Tokenomics

Tokenomics and Fee Structure

The Cambi protocol operates with a straightforward fee structure designed to ensure sustainability while aligning incentives with users. Unlike complex DeFi protocols with multiple tokens and convoluted mechanics, our economics are simple: we take a share of the yield we generate for users.

The primary revenue comes from a 10% performance fee on yields above the base rate. If a vault generates 15% annually against a 5% base rate (Bitcoin lending yield), Cambi takes 10% of the 10% excess, or 1% of the total. This ensures users always receive competitive yields while funding protocol development and security. Additionally, a 1% annual management fee covers operational costs including RWA analysis, portfolio rebalancing, and smart contract maintenance.

Early withdrawal penalties of 2% discourage short-term speculation while rewarding committed users – these penalties are redistributed to remaining vault participants, creating an incentive for longer-term thinking. The protocol treasury, funded by these fees, serves multiple purposes: providing buffer capital for RWA investments, covering gas costs for rebalancing operations, funding security audits and development, and eventually distributing profits to $CMB token holders.

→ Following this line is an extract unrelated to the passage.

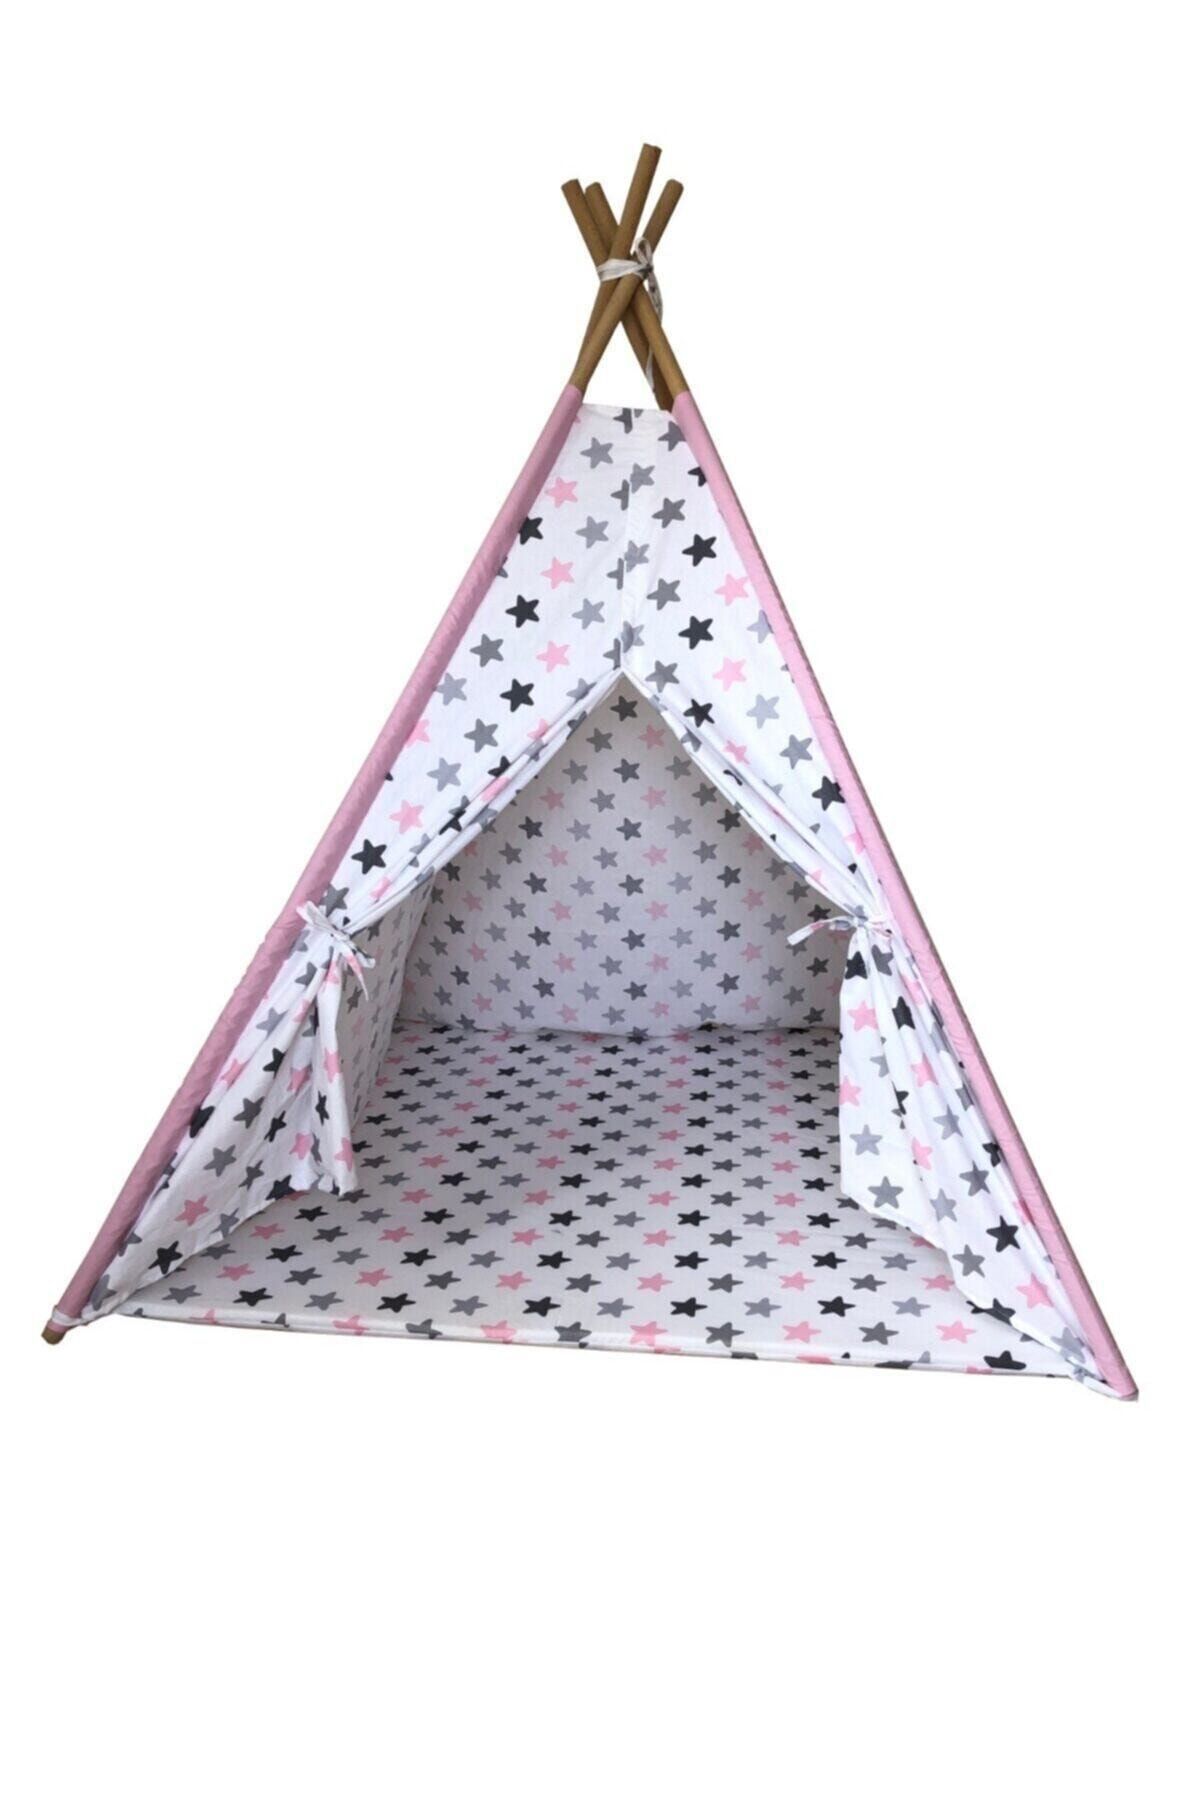 Sarayli Tekstil Saraylı Tekstil Oyun Çadırı
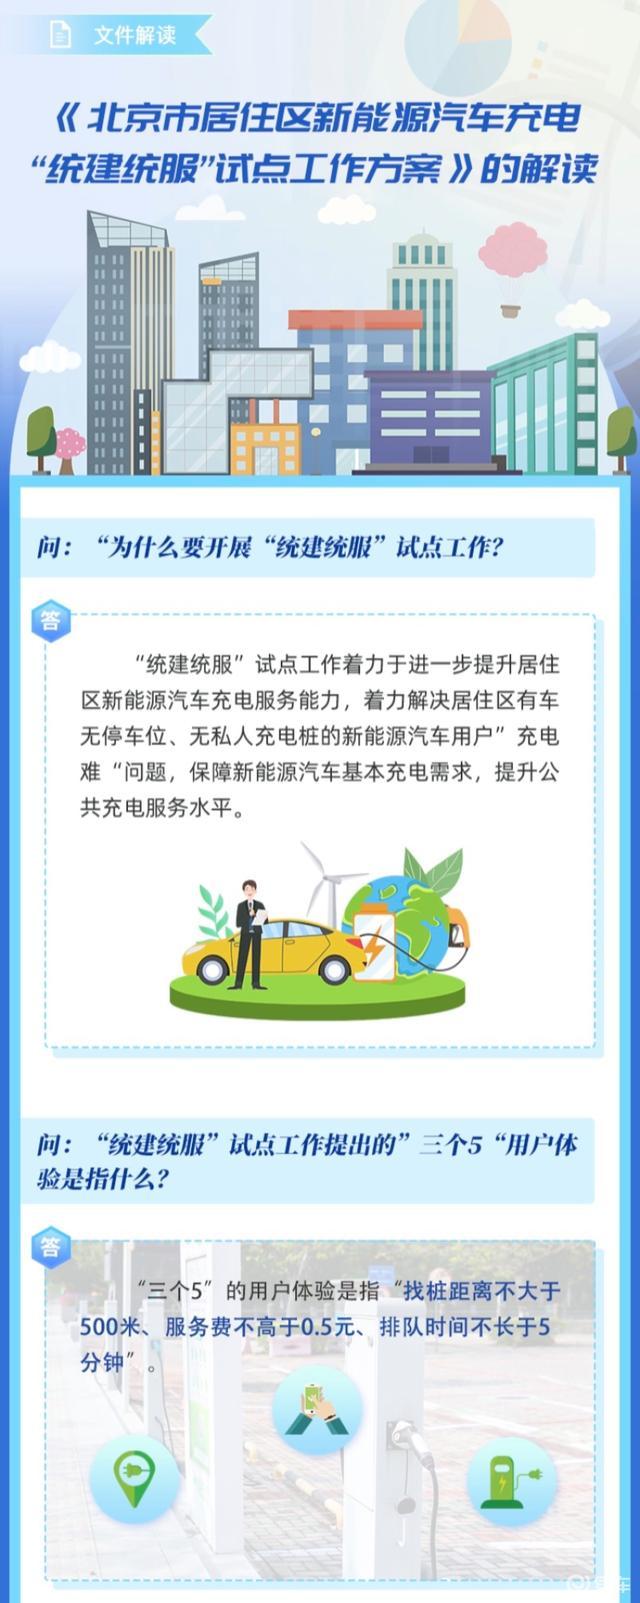 北京将实现新能源汽车充电找桩距离不大于500米

While we've kept the initial protocol design simple, the path to a $CMB governance token is clear. Token holders would gain rights to vote on vault parameters, approve new RWA categories, adjust fee structures, and receive a share of protocol revenues. However, we're intentionally delaying token launch until product-market fit is proven – too many protocols have failed by prioritizing token speculation over product development.

Governance Token Vision

The $CMB token represents ownership in the protocol's future, not just fee sharing. Beyond voting on parameters and receiving revenue distributions, $CMB holders will:

  • Direct treasury allocation across new RWA categories and geographic expansion

  • Curate vault strategies through expert committees incentivized by performance

  • Bootstrap new markets by staking $CMB to underwrite initial liquidity in new countries

  • Create meta-governance over partner protocols (Liqi, Etherfuse) as Cambi becomes their largest client

  • Enable permissionless vault creation where anyone can propose new strategies with $CMB stake

Long-term, $CMB becomes the index token for LatAm DeFi yields – as essential as MKR for stablecoins but focused on emerging market opportunities.